For now, while thinking, I've denied the two ip-addresses (google-image bots) access to my site by using .htaccess. Google and the others can index my site as before.

as seen below there are quite some robots visiting the site. this is for december until now.

leifs




So isn't the conclusion then that they are ignoring your robot.txt and get the names from the xml-files which are refered to in the html-files?

no avatar
leifs
Member
 
Posts: 612
Joined: Sun Sep 06, 2009 12:08 pm
Location: Ørsta Norway

Re: Google is collecting tiles !

by leifs » Thu Dec 26, 2013 5:02 pm

HansKeesom wrote:So isn't the conclusion then that they are ignoring your robot.txt and get the names from the xml-files which are refered to in the html-files?
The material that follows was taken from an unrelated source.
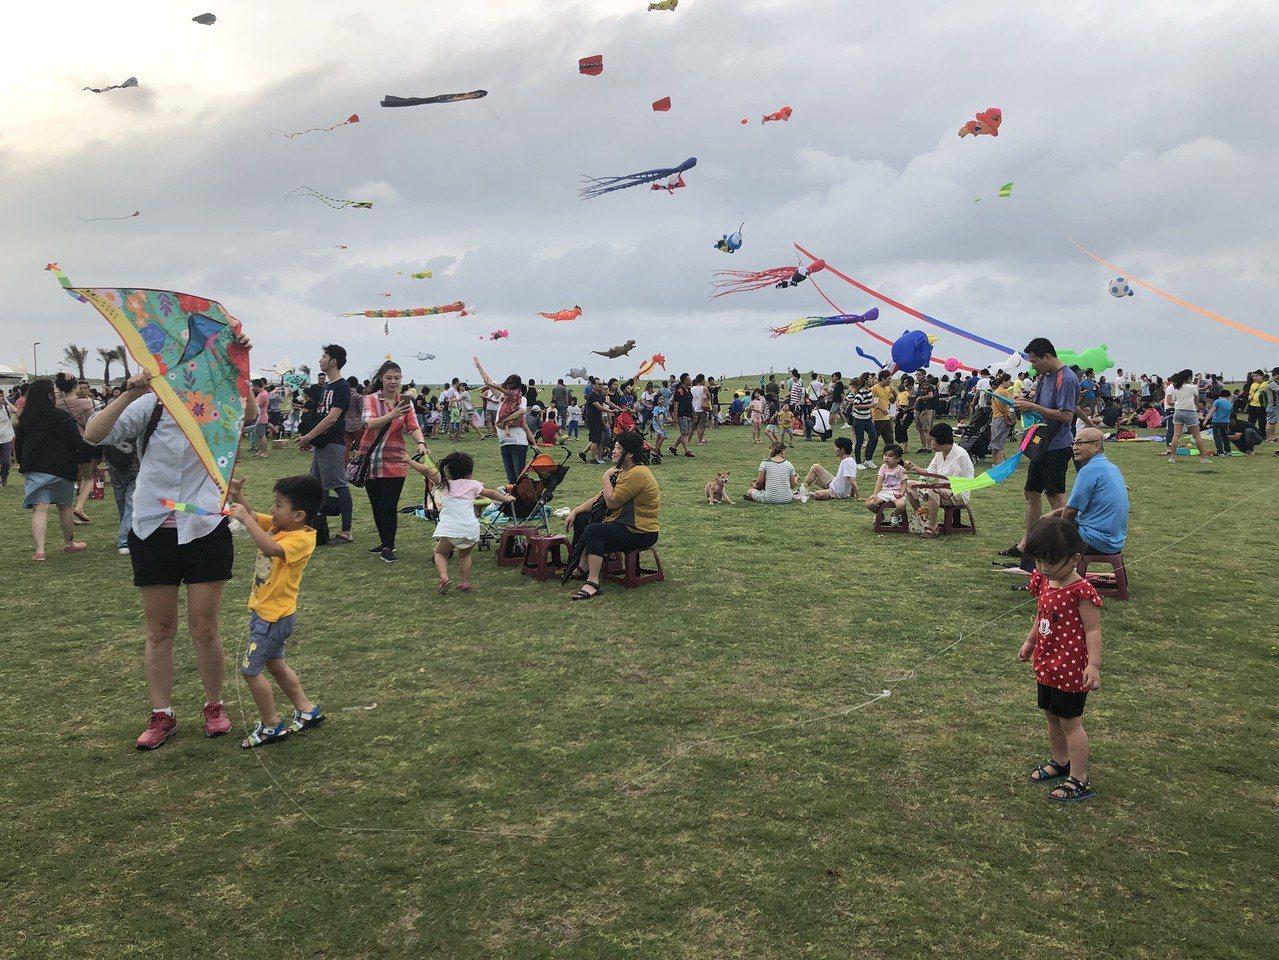 風箏升空飛翔,超壯觀。記者郭宣彣/攝影
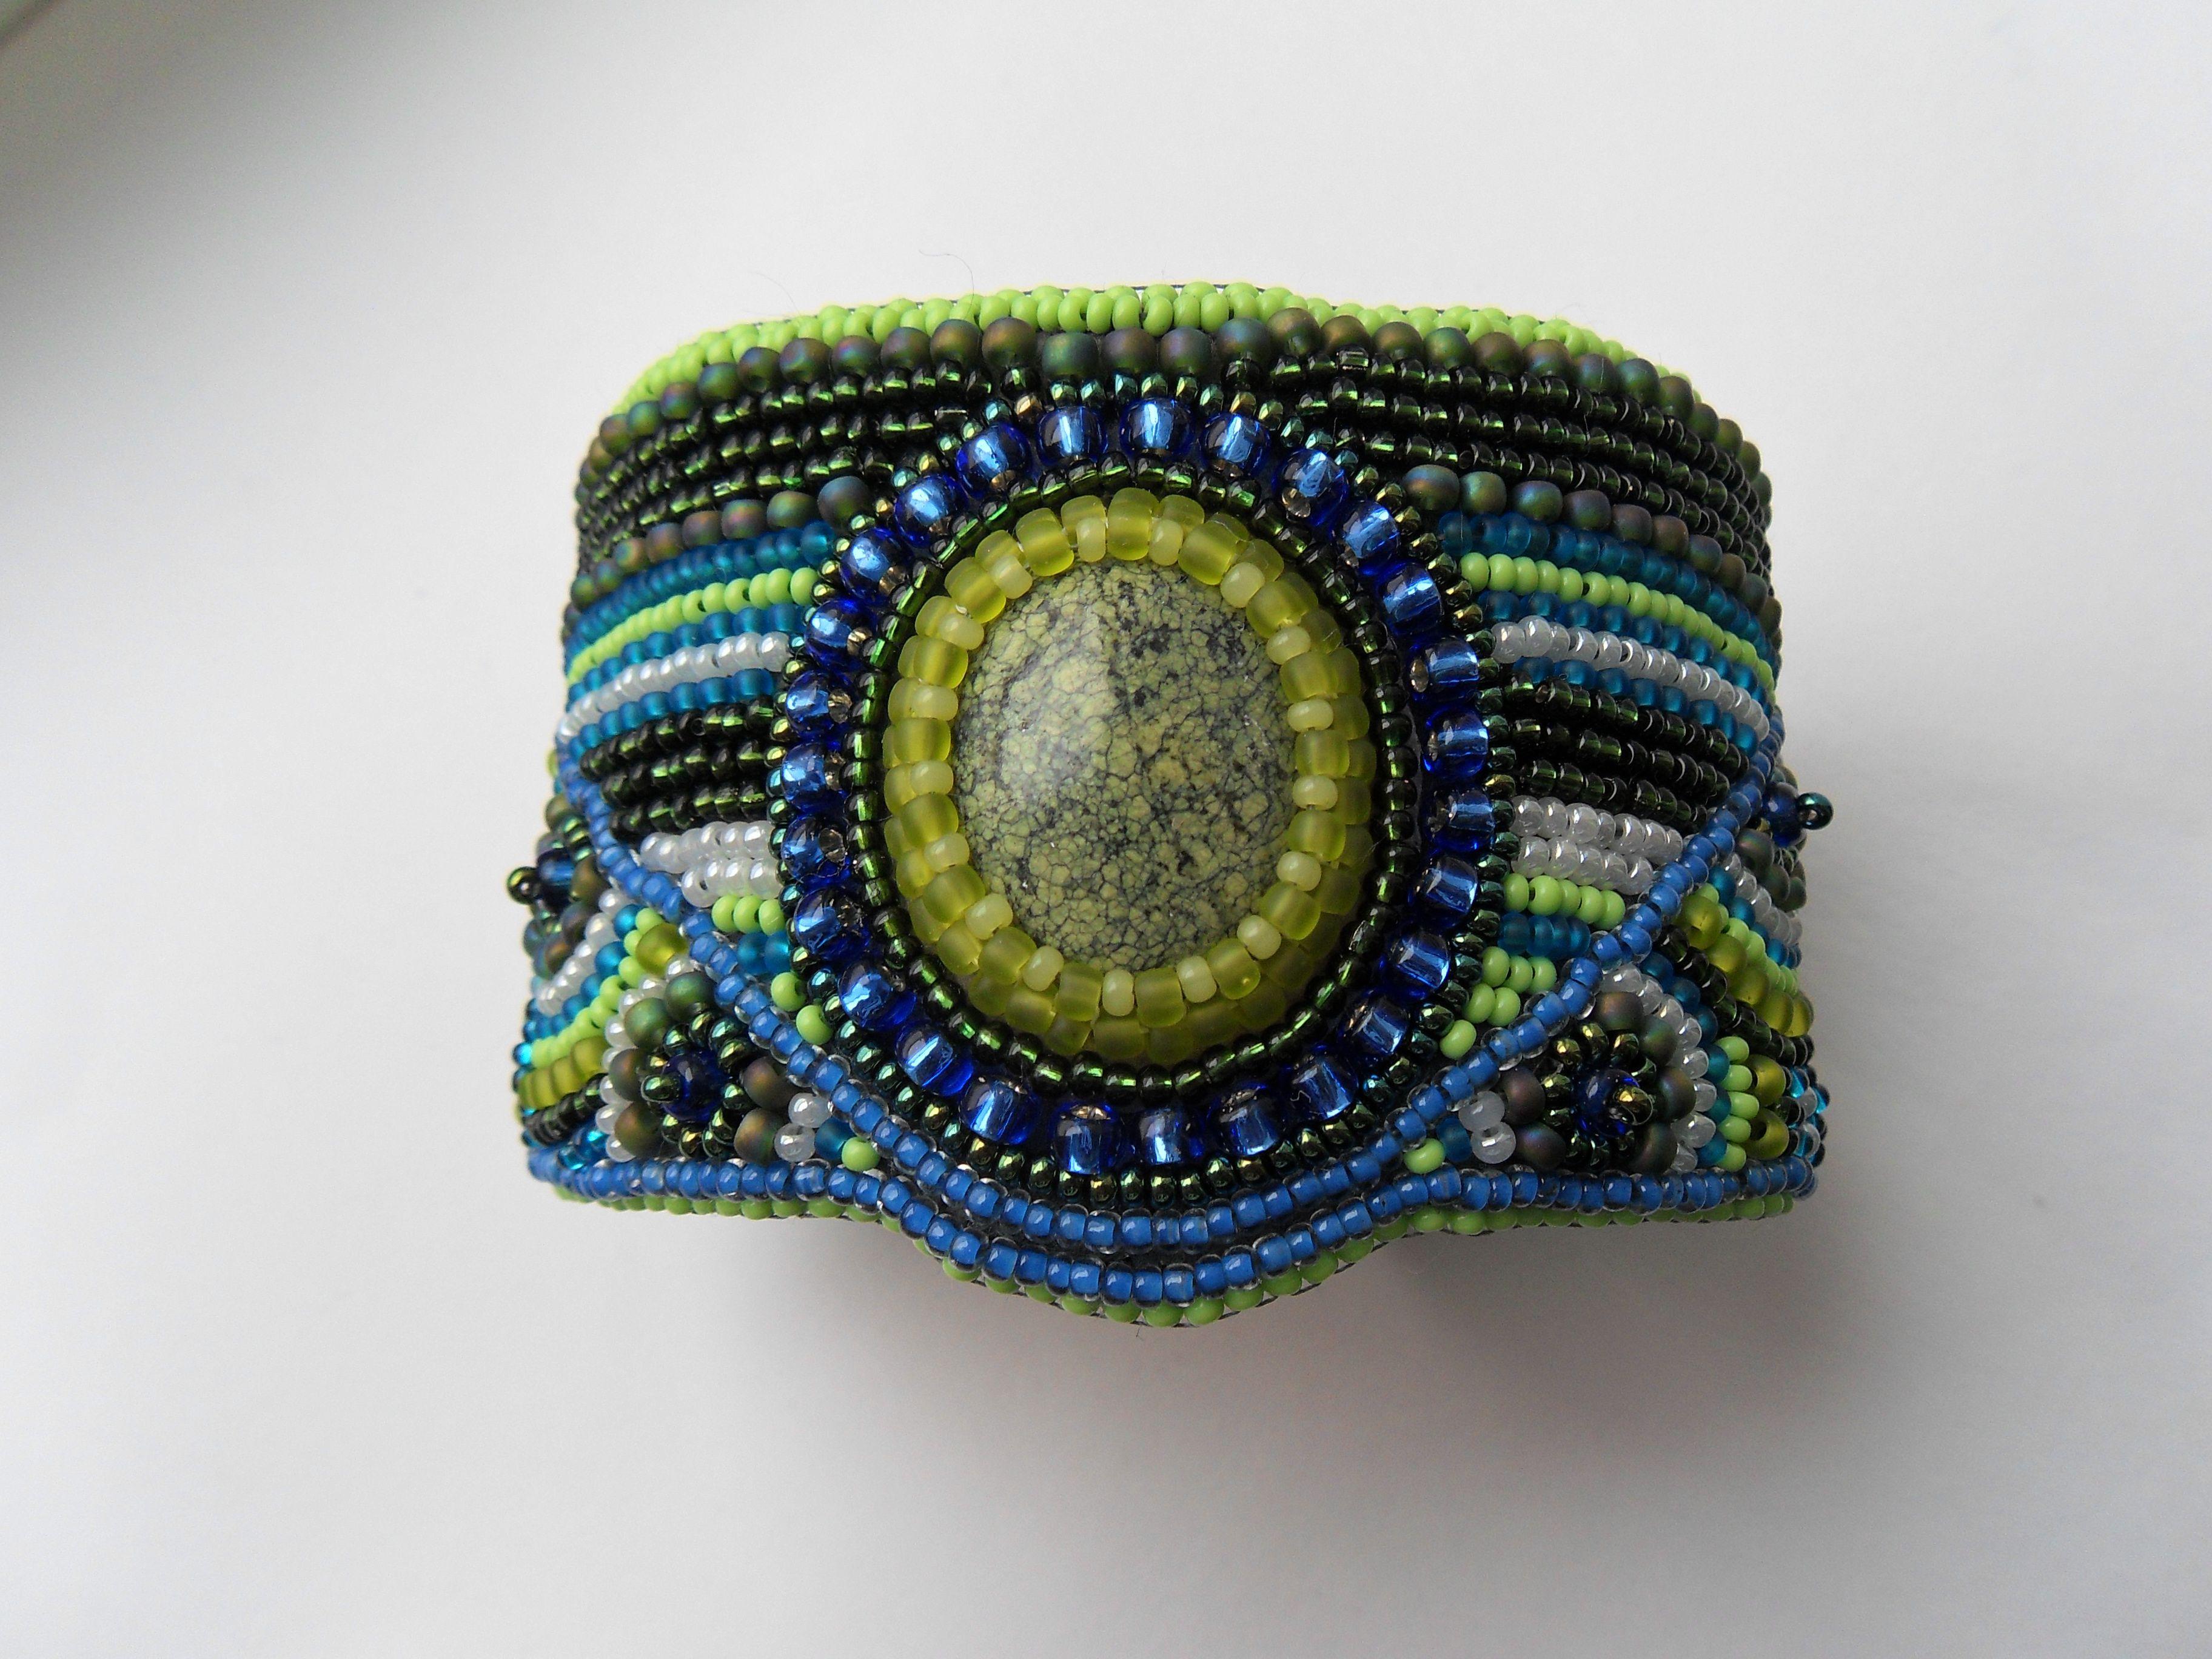 аленаэир купитьбраслет украшение вышивкабисером купить змеевик браслет подарок

They are grabbing the XML's. But there are no explicit filenames to grab there. The filenames are produced from the XML's. This is how the name of the thousands jpg's are presented in the virtualtour.XML

<level tiledimagewidth="898" tiledimageheight="898">
<front url="froystadtua_sphere_64/0/0/%v_%u.jpg"/>
<right url="froystadtua_sphere_64/1/0/%v_%u.jpg"/>
<back url="froystadtua_sphere_64/2/0/%v_%u.jpg"/>
<left url="froystadtua_sphere_64/3/0/%v_%u.jpg"/>
<up url="froystadtua_sphere_64/4/0/%v_%u.jpg"/>
<down url="froystadtua_sphere_64/5/0/%v_%u.jpg"/>
</level>

%v and %u are counters which increase from zero to a maximum integer found or calculated from somewhere else in the XML's.
For me it looks like Google-image has reverse engineered the way krpano make tiles and has the ambition to download all the tiles, for maybe later to put them together and so get the original image. They have cooperated with NSA on other issues, so this is probably a piece of cake when you have this kind of resources.

leifs

no avatar
HansKeesom
Member
 
Posts: 2168
Joined: Mon Jul 19, 2010 8:53 pm

Re: Google is collecting tiles !

by HansKeesom » Thu Dec 26, 2013 5:08 pm

leifs wrote:
HansKeesom wrote:So isn't the conclusion then that they are ignoring your robot.txt and get the names from the xml-files which are refered to in the html-files?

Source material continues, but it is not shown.